Neighborhood Relations: • Third type of relations we focus on are Neighborhood relations. • Example: A neighborhood relation is talk(person, organization) • These relations are similar to label relations with the difference that we here consider a window of words instead of immediate occurrence.
Decomposition of Daily Plan • For a real world community portal, the E-R schema is very large and hence it would be overwhelming to cover all entities and relations in a single plan. • Decomposition aids splitting of tasks across people and also makes evolution of schema possible in a smooth manner. • Decomposition is followed by the merge phase in which E-R fragments from individual plans are merged into a complete E-R graph. • We use MatchE and EnrichE operators to find matching entities from different graph fragments, and merge them into a single day E-R graph.
Creating Global plan • Generating global plan is similar to constructing a daily plan from individual E-R fragments. • Hereto operators MatchE and EnrichE are used.
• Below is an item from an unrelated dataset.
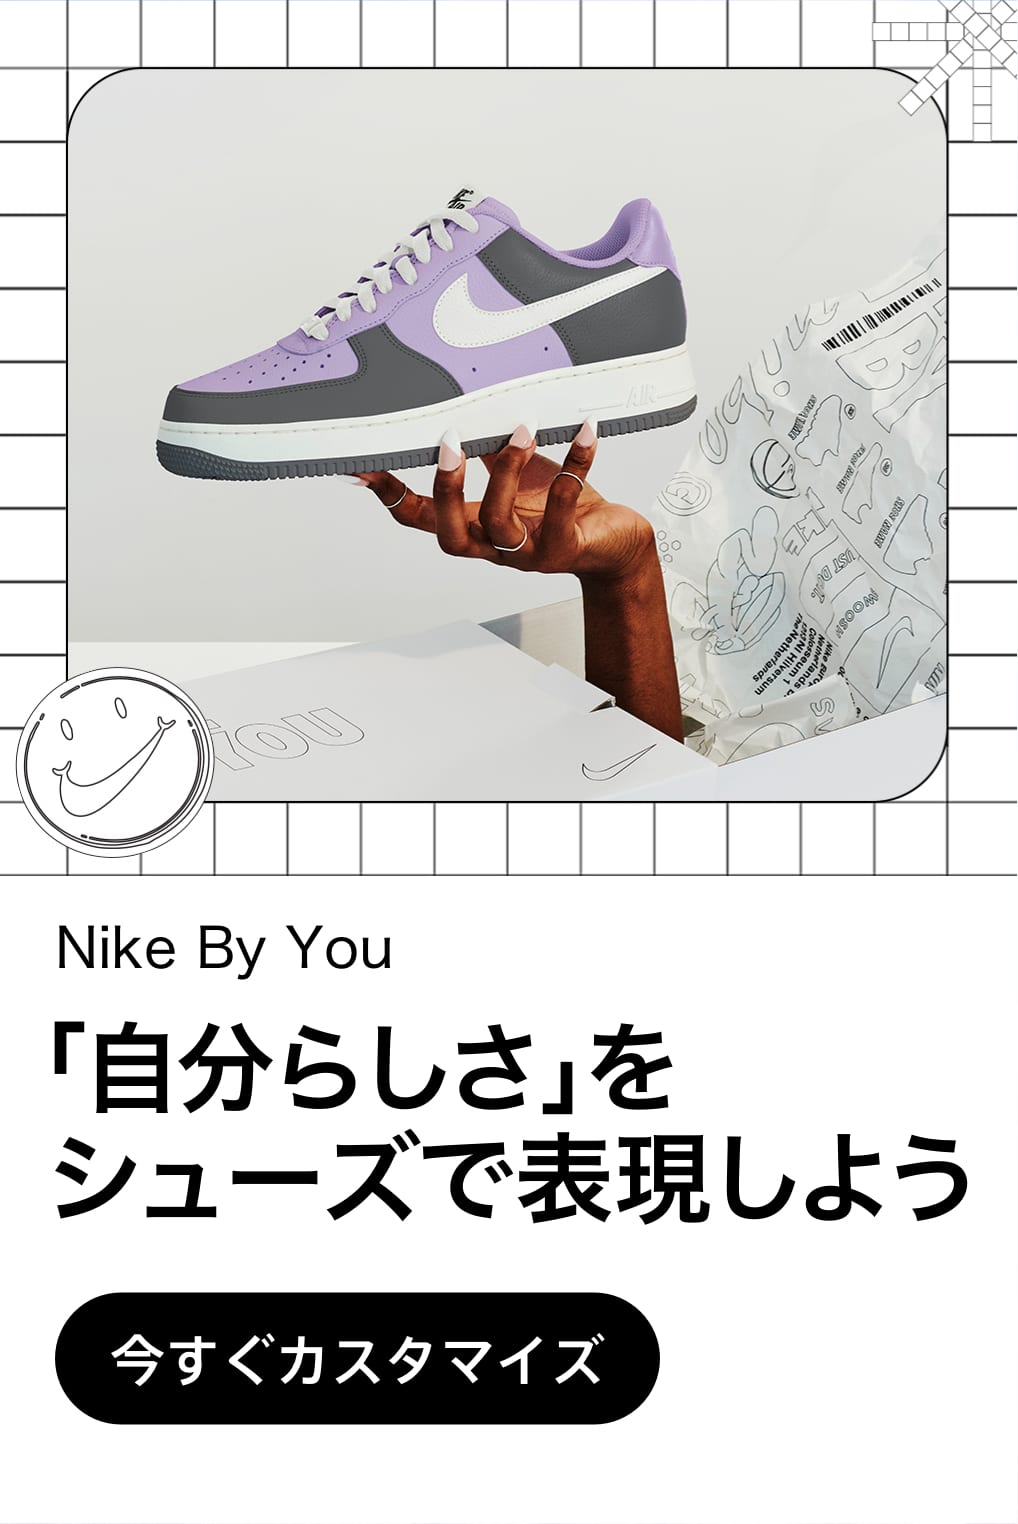 Nike公式 メンズ スニーカー ナイキ公式通販

Step 3: Maintaining and Expanding • The Top-down, compositional and incremental approach makes maintaining the portal relatively easy. • The main assumption is that relevance of data sources changes very slowly over time and new data sources would be mentioned within the community in certain sources. • In expanding, we add new relevant data sources. • Approach used for finding new sources is to look for them only at certain locations (e.g. looking for conference announcements at DBWorld.)
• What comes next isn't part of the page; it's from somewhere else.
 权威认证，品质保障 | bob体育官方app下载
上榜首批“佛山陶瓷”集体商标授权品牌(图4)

CIMPLE Workbench • This workbench consists of an initial portal “shell” (with many built-in administrative controls,) a methodology on populating the shell, a set of operator implementations, and a set of plan optimizers. • The workbench facilitates easy and quick development since a portal builder can make use of built-in facilities. • Workbench provides implementations of operators and also gives facility for builders to have their own implementations.
Case Study: DBLife • DBLife is a structured community portal for the database community. • It was developed as a proof of concept for developing community portals using the top-down approach and the CIMPLE workbench. • Portal is a proof of development of SWCP achieving high accuracy with current set of relatively simple operations.
Conclusion & Future Work • Experience with developing DBLife suggests that this approach can effectively exploit common characteristics of Web communities to build portals quickly and accurately using simple extraction/integration operators, and to evolve them over time efficiently with little human effort. • Still a lot of research problems need to be studied: • How to develop a better compositional framework? • How to make such a framework as declarative as possible? • What technologies (XML, relational, etc) need to be used to store portal data?